**Collected data**:
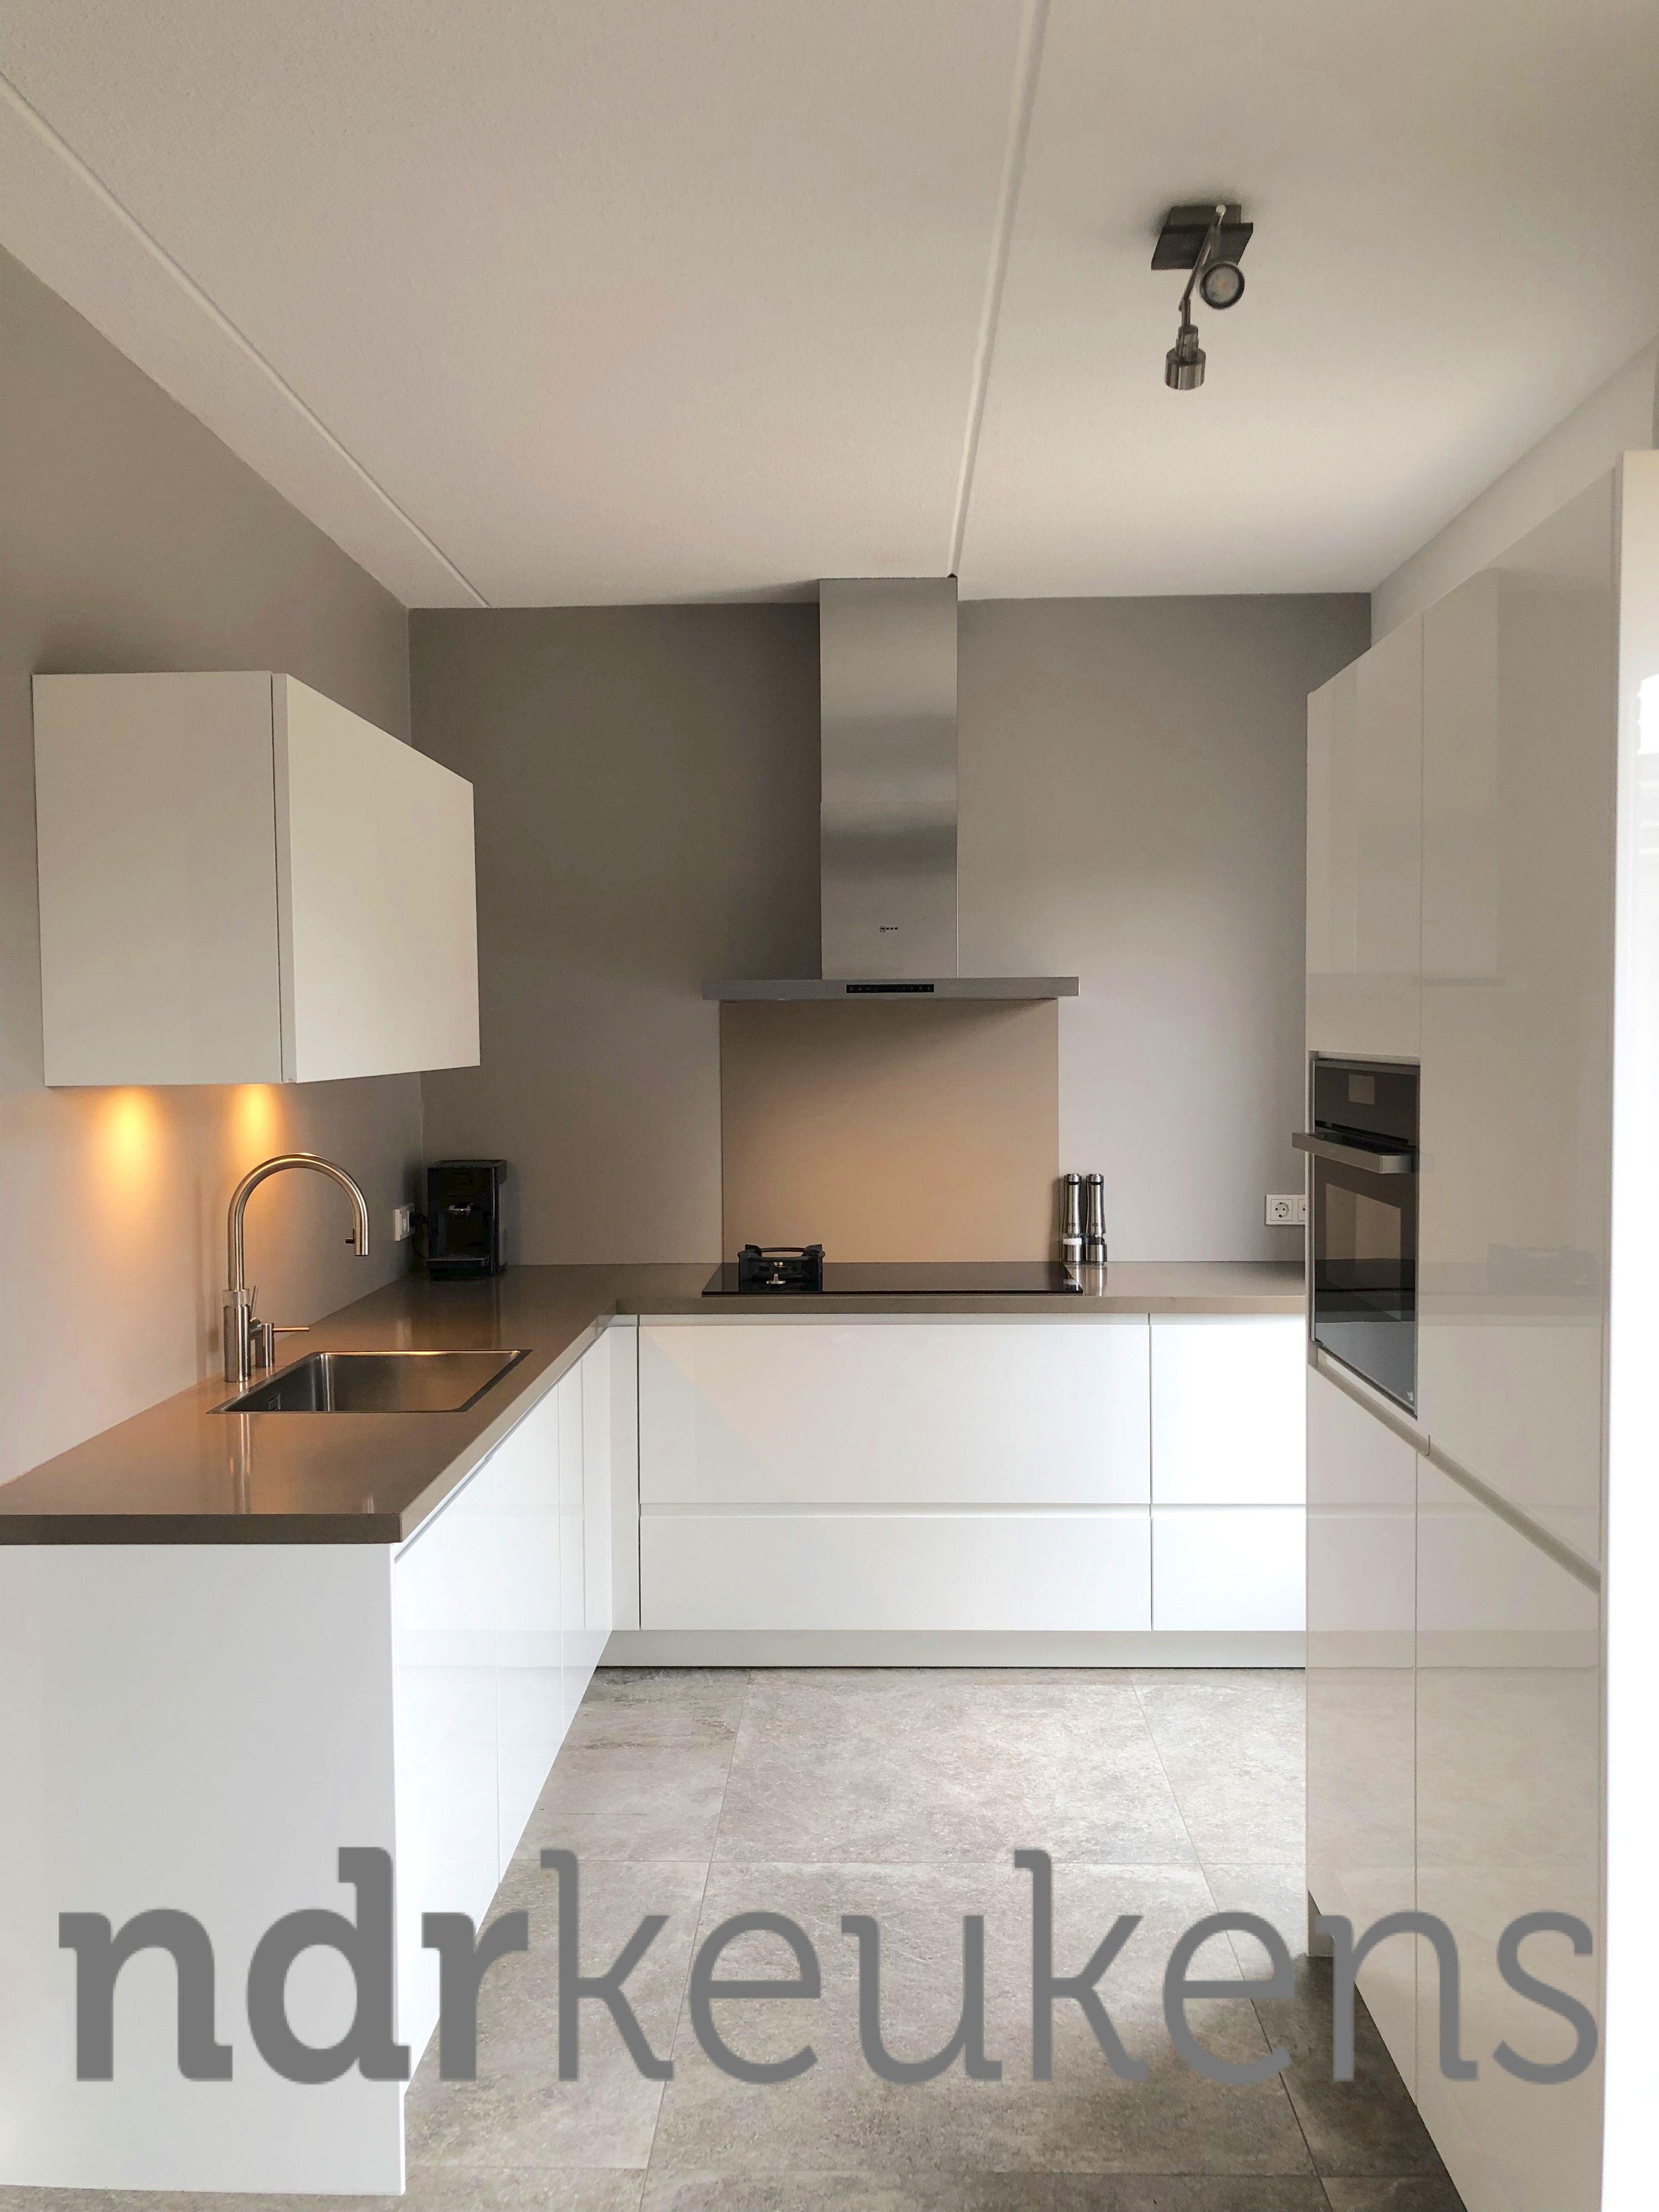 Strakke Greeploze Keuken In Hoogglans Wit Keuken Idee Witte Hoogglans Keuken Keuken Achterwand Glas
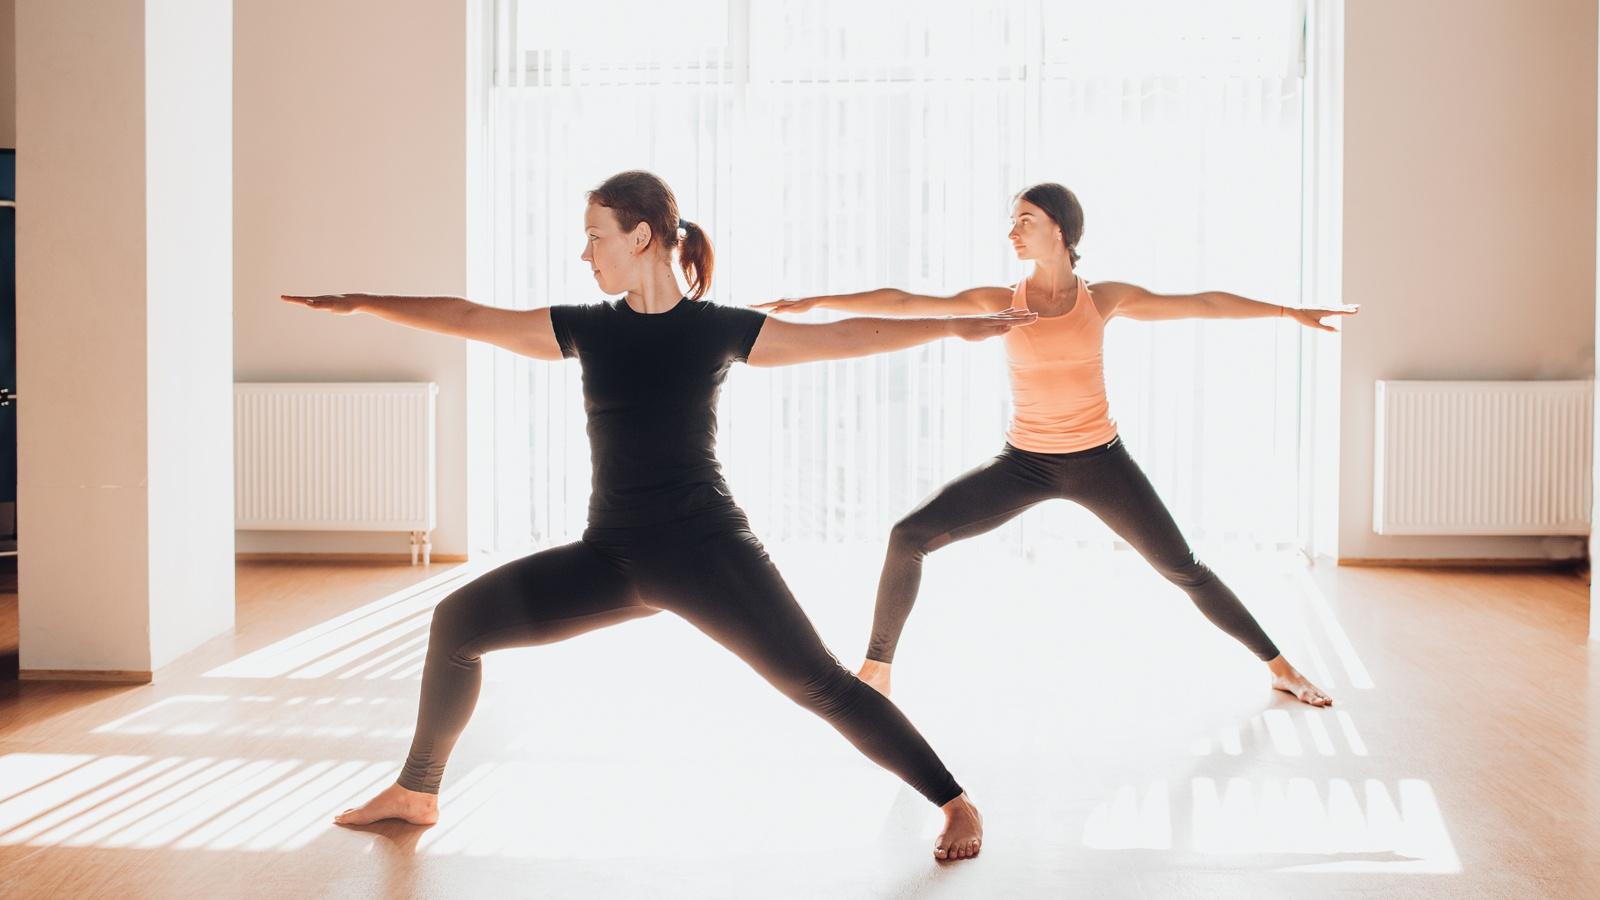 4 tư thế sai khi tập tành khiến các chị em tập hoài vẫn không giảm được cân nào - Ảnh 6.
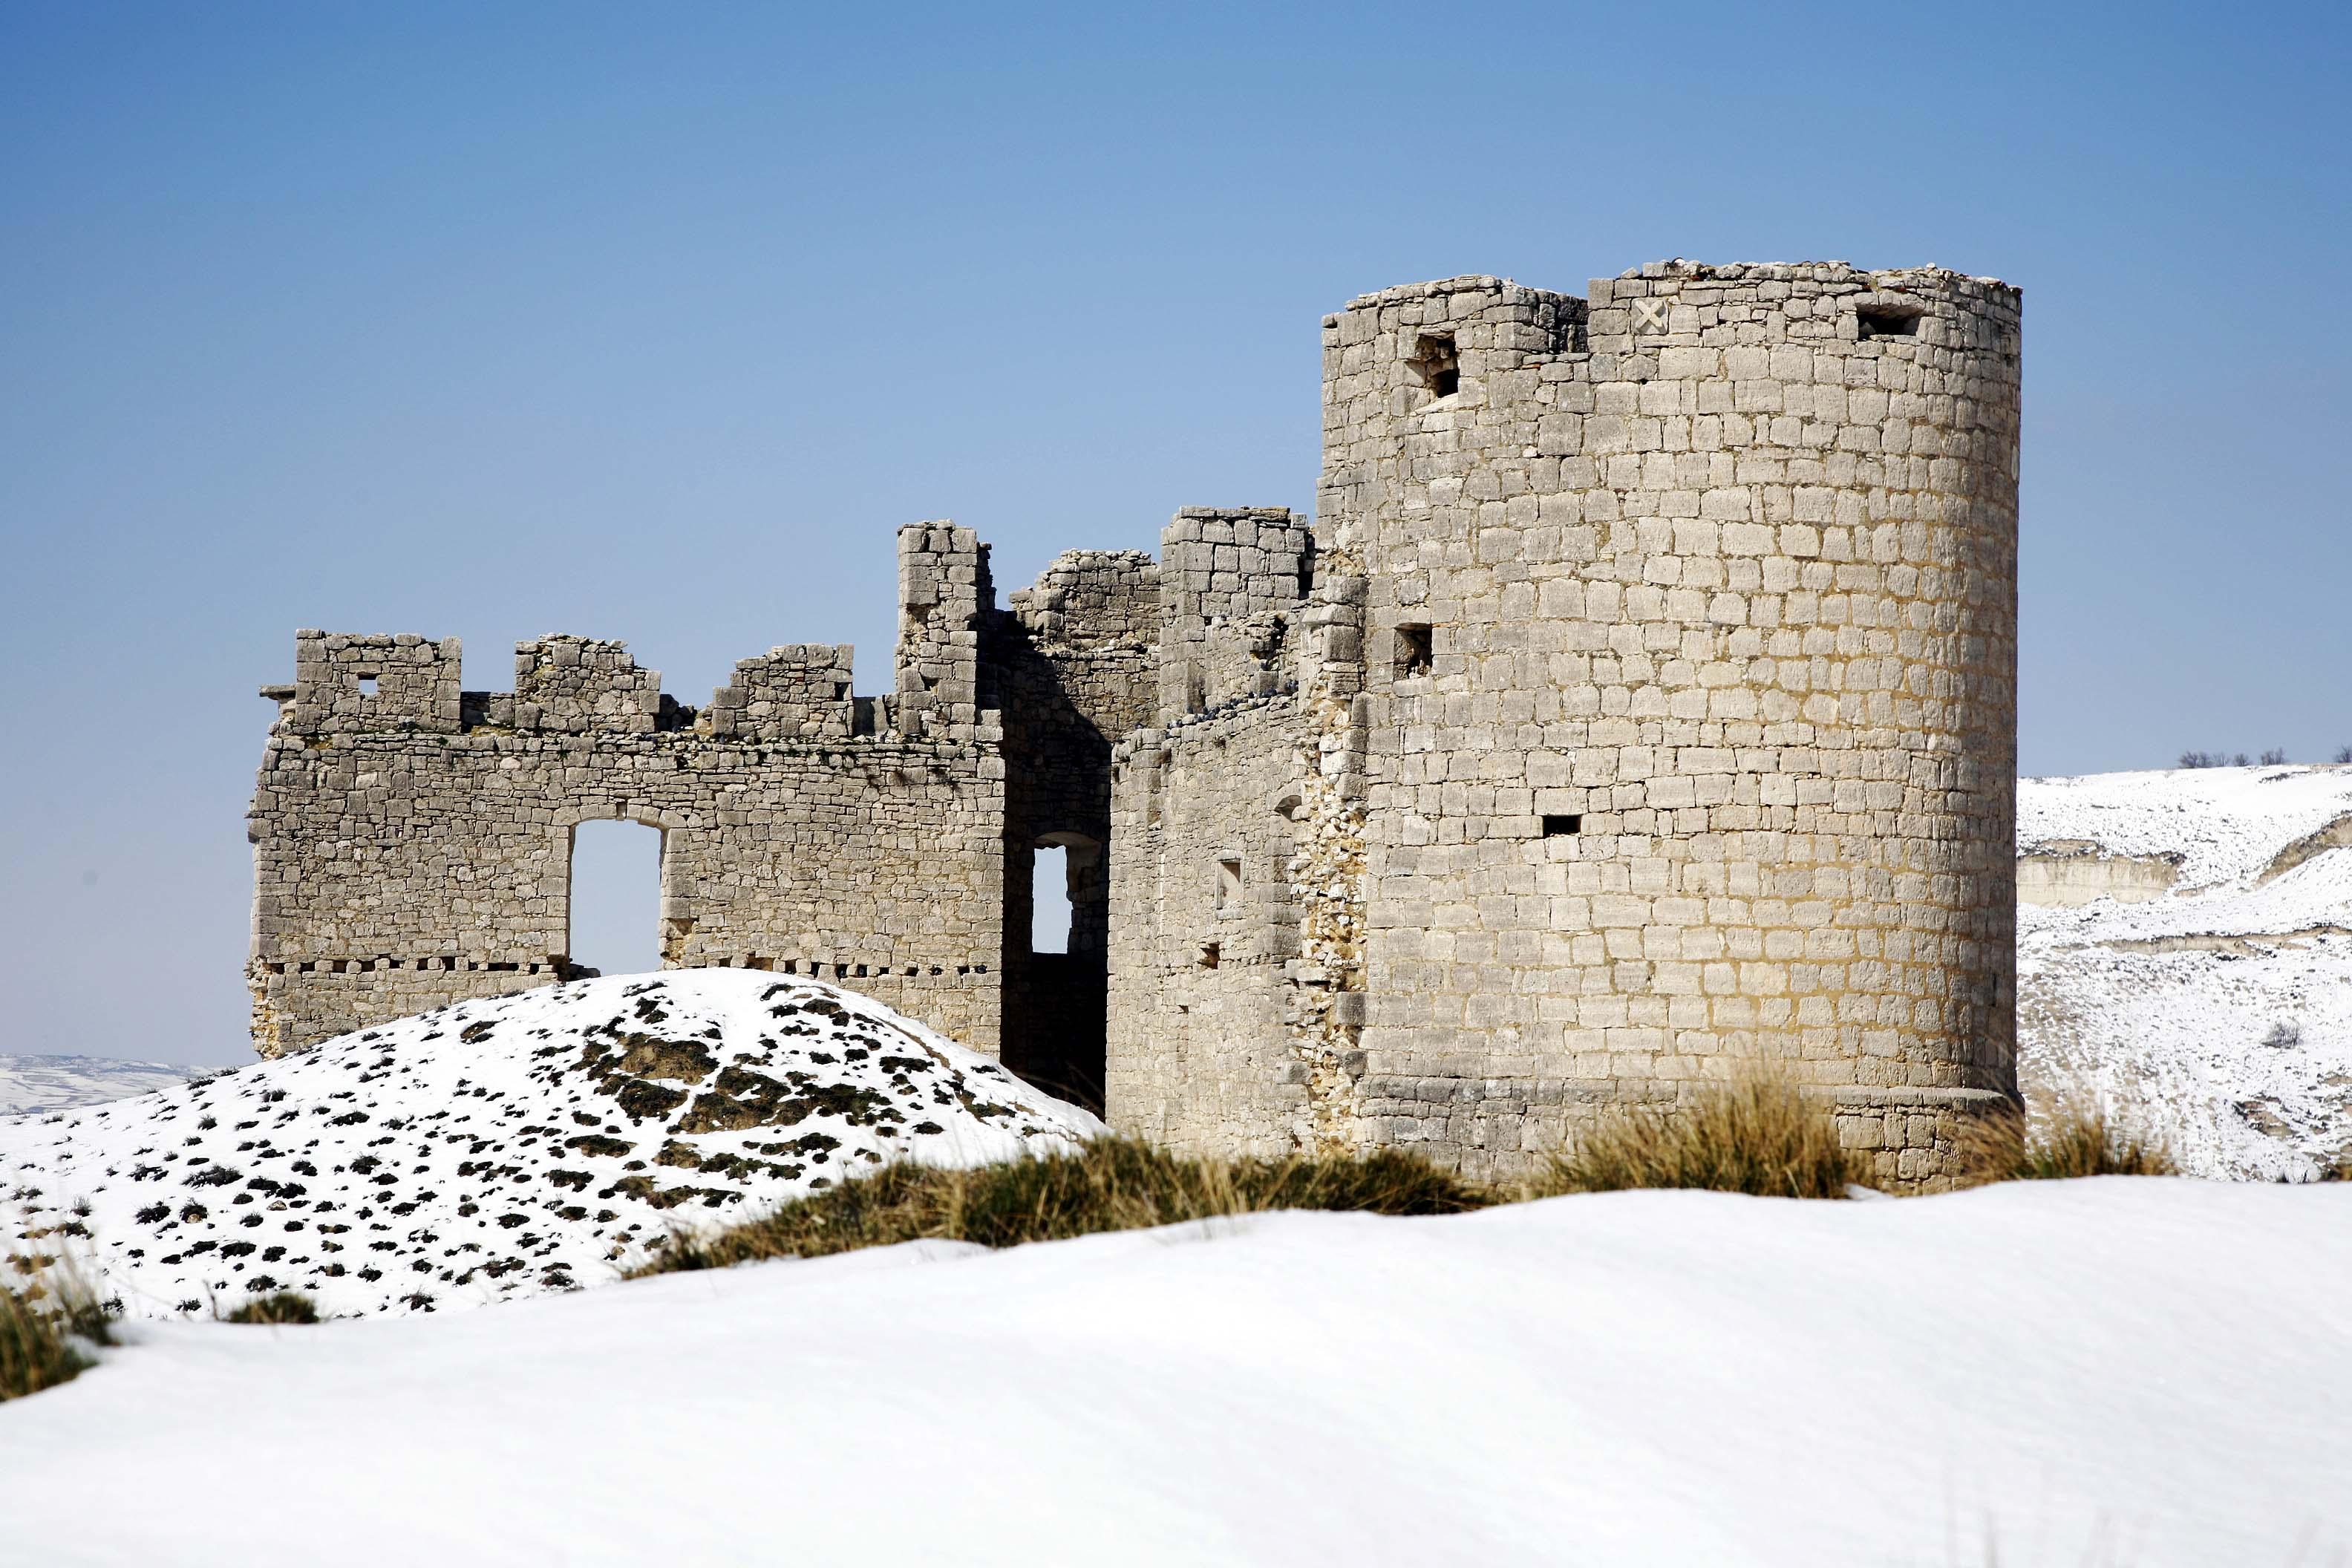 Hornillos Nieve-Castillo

**Assignment**:
Excluding all images, transcribe the material word for word.

**Answer to the problem**:
 Strakke Greeploze Keuken In Hoogglans Wit Keuken Idee Witte Hoogglans Keuken Keuken Achterwand Glas
 4 tư thế sai khi tập tành khiến các chị em tập hoài vẫn không giảm được cân nào - Ảnh 6.
 Hornillos Nieve-Castillo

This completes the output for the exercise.